Лично мне потребовалось очень много времени, прежде чем я смог понять, что внимательное слушание — своего рода волшебный трюк, когда оба собеседника смягчаются, расцветают и становятся менее одинокими.
Также я обнаружил, что Карл Роджерс, один из самых выдающихся психологов XX века, дал этому недооцененному навыку название «активное слушание». В целом же умение хорошо разговаривать и правильно задавать вопросы — одна из самых доступных и самых мощных форм связи между людьми.
В худшие дни я слушал словно на автопилоте. Темы политики или философии превращали меня в зануду или хулигана. Люди даже в мелочах избегали возможности не соглашаться со мной, поскольку знали, что это приведет лишь к раздражению и отказу прислушиваться к их аргументам. В личной жизни я слишком часто забывал поддерживать партнера. Я почти не задавал своим друзьям серьезных вопросов. Я любил обсуждать с ними шутки и сплетни, но не хотел спрашивать их о вещах действительно важных. Или я спрашивал их о том, о чем они рассказывали неделю назад, но забывал спросить о недавнем собеседовании или расставании.
Вот где неумение слушать приносит наибольший вред: оно сигнализирует окружающим вас людям, что вы не заботитесь о них, а если и заботитесь, то делаете это не очень хорошо. Теперь люди подумают дважды, прежде чем откроются вам или попросят у вас совета. И они уже не будут полагаться на вас, поскольку мы склонны полагаться только на тех, кого считаем великодушными.
Всё это рисует картину довольно мрачную. Но преувеличивать я тоже не хочу — монстром я не был. Я заботился о других и мог показать это. Меня любили, и я прокладывал себе дорогу в мире, видимо, исключительно за счет харизмы.
Может быть, именно в этом и заключается печальная правда: можно прожить жизнь, будучи плохим слушателем, ведь люди привыкли прощать невнимательность.
Кейт Мерфи в своей книге «Ты не слушаешь» (2020) описывает, как современная жизнь мешает нам слышать других:
Почему мы воспринимаем неумение слушать как само собой разумеющееся? Я думаю, потому, что научиться слушать сложно, и мы все это знаем. Как и все формы самосовершенствования, разрушение панциря невнимательности требует намерения и — в идеале — руководства.

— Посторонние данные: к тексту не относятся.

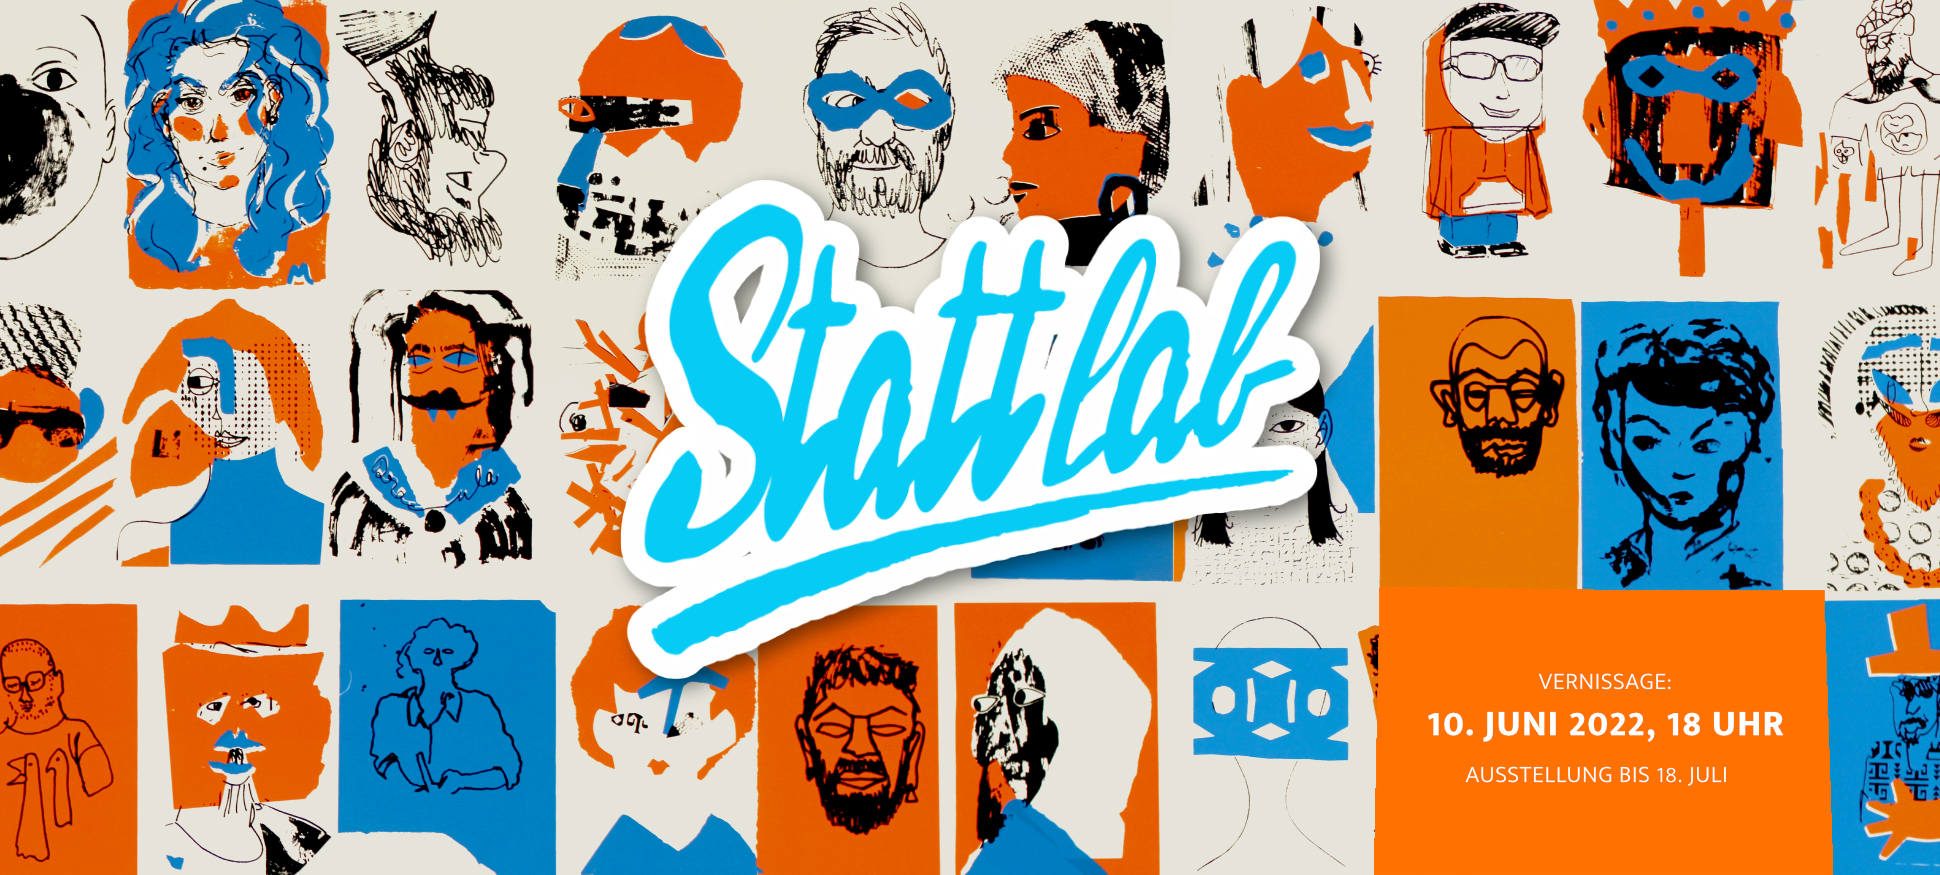 Stattlab-banner-02
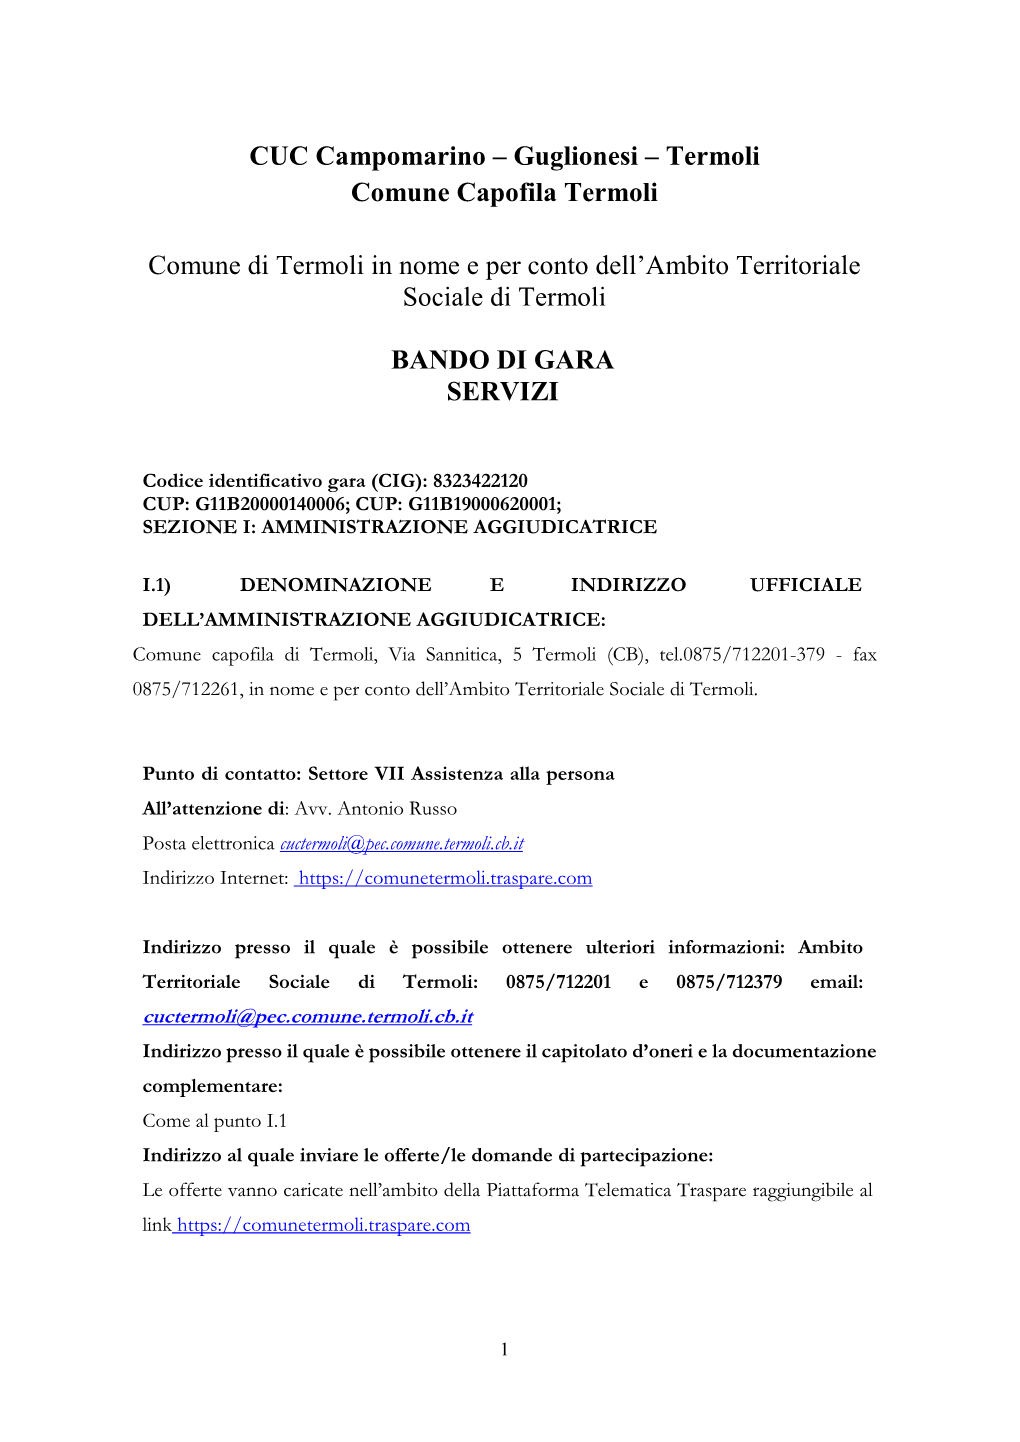 CUC Campomarino – Guglionesi – Termoli Comune Capofila Termoli

Обнаружив работы Роджерса, я осознал, что во многих разговорах я всё понимал неправильно. Активно слушая, слушатель «не воспринимает пассивно слова, которые ему говорят. Он активно пытается уловить факты и чувства в том, что слышит, и, слушая, пытается помочь говорящему решить его собственные проблемы». Это была та позиция, которую я занимал лишь от случая к случаю.
Роджерс родился в 1902 году в том же пригороде Чикаго и получил строгое религиозное воспитание. Сначала казалось, что для религии он и появился на свет. Однако в 1926 году он перешел из Объединенной теологической семинарии в Колумбийский университет и посвятил себя психологии. (В то время психология была настолько новой и модной наукой, что во время переговоров по Версальскому договору в 1919 году Зигмунд Фрейд тайно консультировал в Париже американского посла Вудро Вильсона.)
К 1940-м годам он разработал новый подход к психотерапии, который стал называться «гуманистическим» и «личностно-ориентированным». Он считал, что несчастные люди не сломлены, а «заблокированы». И в отличие от представителей преобладающих в то время методов психотерапии (психоанализа и бихевиоризма) Роджерс был убежден, что терапевт должен быть не столько тем, кто решает проблемы клиента, сколько своего рода опытной акушеркой, вытягивающей из клиента решения, которые и так уже у него есть. Он считал, что во всех людях присутствует глубокое стремление к «самоактуализации» и что задача терапевта — взращивать это стремление, «освободить и укрепить человека, а не вмешиваться в его жизнь». И ключом к достижению этой цели было внимательное, сосредоточенное, «активное» слушание.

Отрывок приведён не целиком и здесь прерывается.